[Records from a data collection]

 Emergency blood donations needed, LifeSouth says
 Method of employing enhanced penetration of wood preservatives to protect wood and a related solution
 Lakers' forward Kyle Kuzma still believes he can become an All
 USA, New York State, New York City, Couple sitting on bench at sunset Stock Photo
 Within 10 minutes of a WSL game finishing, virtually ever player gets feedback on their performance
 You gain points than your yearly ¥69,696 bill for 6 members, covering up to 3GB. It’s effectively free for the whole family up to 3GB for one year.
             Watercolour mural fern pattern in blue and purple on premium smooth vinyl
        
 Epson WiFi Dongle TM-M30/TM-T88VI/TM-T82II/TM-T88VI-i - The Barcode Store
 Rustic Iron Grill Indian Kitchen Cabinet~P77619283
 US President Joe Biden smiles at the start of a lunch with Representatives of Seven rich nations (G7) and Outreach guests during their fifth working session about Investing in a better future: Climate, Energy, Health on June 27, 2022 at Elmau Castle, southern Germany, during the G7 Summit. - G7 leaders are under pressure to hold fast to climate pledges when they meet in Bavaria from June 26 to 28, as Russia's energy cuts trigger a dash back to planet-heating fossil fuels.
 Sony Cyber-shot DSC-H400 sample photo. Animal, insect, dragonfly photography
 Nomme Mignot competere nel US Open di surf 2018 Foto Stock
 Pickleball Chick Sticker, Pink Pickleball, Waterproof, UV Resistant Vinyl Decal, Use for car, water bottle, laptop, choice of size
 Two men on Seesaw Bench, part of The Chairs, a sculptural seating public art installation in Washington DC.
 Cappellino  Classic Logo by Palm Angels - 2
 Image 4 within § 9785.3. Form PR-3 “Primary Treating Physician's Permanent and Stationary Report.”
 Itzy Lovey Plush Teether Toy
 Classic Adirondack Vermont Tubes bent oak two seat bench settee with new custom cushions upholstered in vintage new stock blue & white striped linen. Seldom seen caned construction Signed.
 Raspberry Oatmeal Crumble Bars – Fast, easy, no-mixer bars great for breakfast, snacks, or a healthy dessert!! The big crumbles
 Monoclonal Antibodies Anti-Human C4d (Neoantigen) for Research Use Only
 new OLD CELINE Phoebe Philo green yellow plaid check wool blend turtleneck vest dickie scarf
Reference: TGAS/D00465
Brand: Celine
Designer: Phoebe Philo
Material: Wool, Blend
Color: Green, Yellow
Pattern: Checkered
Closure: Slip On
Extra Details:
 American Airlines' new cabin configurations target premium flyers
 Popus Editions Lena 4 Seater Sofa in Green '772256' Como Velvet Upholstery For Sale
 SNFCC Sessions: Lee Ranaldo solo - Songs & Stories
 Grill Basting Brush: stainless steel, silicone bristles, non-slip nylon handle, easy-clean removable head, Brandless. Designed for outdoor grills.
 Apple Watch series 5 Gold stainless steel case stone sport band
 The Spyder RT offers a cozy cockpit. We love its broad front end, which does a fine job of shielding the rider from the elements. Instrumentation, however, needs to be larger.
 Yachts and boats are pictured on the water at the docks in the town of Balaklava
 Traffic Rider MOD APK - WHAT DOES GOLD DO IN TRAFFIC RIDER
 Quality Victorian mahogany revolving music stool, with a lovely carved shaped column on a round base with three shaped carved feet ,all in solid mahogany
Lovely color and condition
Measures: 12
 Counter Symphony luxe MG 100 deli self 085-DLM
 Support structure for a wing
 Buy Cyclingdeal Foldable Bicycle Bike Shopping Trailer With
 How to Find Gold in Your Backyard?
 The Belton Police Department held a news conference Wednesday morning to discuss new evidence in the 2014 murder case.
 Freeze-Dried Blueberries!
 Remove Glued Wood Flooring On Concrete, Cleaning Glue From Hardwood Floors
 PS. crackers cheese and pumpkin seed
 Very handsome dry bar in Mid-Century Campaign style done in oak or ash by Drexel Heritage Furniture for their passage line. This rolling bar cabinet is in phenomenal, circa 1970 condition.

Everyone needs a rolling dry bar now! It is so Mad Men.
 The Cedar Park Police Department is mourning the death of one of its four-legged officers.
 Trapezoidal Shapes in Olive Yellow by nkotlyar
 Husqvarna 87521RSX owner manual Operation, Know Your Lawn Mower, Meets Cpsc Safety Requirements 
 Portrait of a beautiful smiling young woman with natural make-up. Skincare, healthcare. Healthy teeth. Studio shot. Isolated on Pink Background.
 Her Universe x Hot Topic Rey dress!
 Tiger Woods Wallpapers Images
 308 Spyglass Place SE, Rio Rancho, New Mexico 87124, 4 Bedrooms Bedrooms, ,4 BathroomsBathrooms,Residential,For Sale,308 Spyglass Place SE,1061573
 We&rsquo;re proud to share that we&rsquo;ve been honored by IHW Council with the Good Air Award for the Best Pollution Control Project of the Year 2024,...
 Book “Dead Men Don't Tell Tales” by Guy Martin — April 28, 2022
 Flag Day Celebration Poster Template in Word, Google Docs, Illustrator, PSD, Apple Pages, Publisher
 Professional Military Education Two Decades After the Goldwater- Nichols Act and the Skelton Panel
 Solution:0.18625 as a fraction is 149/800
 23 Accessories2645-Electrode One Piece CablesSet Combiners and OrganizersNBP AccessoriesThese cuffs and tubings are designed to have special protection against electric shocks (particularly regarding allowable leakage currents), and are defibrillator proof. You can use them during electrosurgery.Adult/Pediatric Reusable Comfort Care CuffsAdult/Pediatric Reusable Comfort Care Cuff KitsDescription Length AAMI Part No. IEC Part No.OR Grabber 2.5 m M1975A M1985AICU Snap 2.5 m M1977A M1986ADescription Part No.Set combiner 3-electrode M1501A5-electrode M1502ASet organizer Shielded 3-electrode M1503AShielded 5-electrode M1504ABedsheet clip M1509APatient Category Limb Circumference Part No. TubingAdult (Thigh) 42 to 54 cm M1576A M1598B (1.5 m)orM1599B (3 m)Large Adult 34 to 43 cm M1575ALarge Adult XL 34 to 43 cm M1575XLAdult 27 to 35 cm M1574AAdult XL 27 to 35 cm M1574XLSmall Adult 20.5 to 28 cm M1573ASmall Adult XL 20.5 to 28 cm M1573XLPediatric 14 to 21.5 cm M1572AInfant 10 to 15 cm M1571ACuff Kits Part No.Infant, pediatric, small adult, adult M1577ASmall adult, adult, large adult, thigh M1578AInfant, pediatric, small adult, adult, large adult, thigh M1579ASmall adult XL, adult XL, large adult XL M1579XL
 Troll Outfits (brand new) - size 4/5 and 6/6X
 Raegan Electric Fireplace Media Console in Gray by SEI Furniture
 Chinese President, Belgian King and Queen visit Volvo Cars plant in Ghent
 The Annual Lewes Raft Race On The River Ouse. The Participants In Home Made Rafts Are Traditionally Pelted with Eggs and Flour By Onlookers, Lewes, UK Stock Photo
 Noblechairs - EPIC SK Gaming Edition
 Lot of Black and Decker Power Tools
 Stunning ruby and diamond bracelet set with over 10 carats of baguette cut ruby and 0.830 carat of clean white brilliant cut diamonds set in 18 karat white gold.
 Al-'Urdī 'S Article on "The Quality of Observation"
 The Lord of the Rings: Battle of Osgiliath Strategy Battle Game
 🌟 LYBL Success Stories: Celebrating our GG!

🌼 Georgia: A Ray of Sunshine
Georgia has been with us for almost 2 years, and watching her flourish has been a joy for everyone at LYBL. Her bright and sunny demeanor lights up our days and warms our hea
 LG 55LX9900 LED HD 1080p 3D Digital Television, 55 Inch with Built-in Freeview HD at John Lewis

▶ **REQUIREMENT**
I'd like the lines above from the one with "Image 4 within" up to and including the one with "Apple Watch series" copied exactly, with no other lines.

▶ **ANSWER BELOW**
 Image 4 within § 9785.3. Form PR-3 “Primary Treating Physician's Permanent and Stationary Report.”
 Itzy Lovey Plush Teether Toy
 Classic Adirondack Vermont Tubes bent oak two seat bench settee with new custom cushions upholstered in vintage new stock blue & white striped linen. Seldom seen caned construction Signed.
 Raspberry Oatmeal Crumble Bars – Fast, easy, no-mixer bars great for breakfast, snacks, or a healthy dessert!! The big crumbles
 Monoclonal Antibodies Anti-Human C4d (Neoantigen) for Research Use Only
 new OLD CELINE Phoebe Philo green yellow plaid check wool blend turtleneck vest dickie scarf
Reference: TGAS/D00465
Brand: Celine
Designer: Phoebe Philo
Material: Wool, Blend
Color: Green, Yellow
Pattern: Checkered
Closure: Slip On
Extra Details:
 American Airlines' new cabin configurations target premium flyers
 Popus Editions Lena 4 Seater Sofa in Green '772256' Como Velvet Upholstery For Sale
 SNFCC Sessions: Lee Ranaldo solo - Songs & Stories
 Grill Basting Brush: stainless steel, silicone bristles, non-slip nylon handle, easy-clean removable head, Brandless. Designed for outdoor grills.
 Apple Watch series 5 Gold stainless steel case stone sport band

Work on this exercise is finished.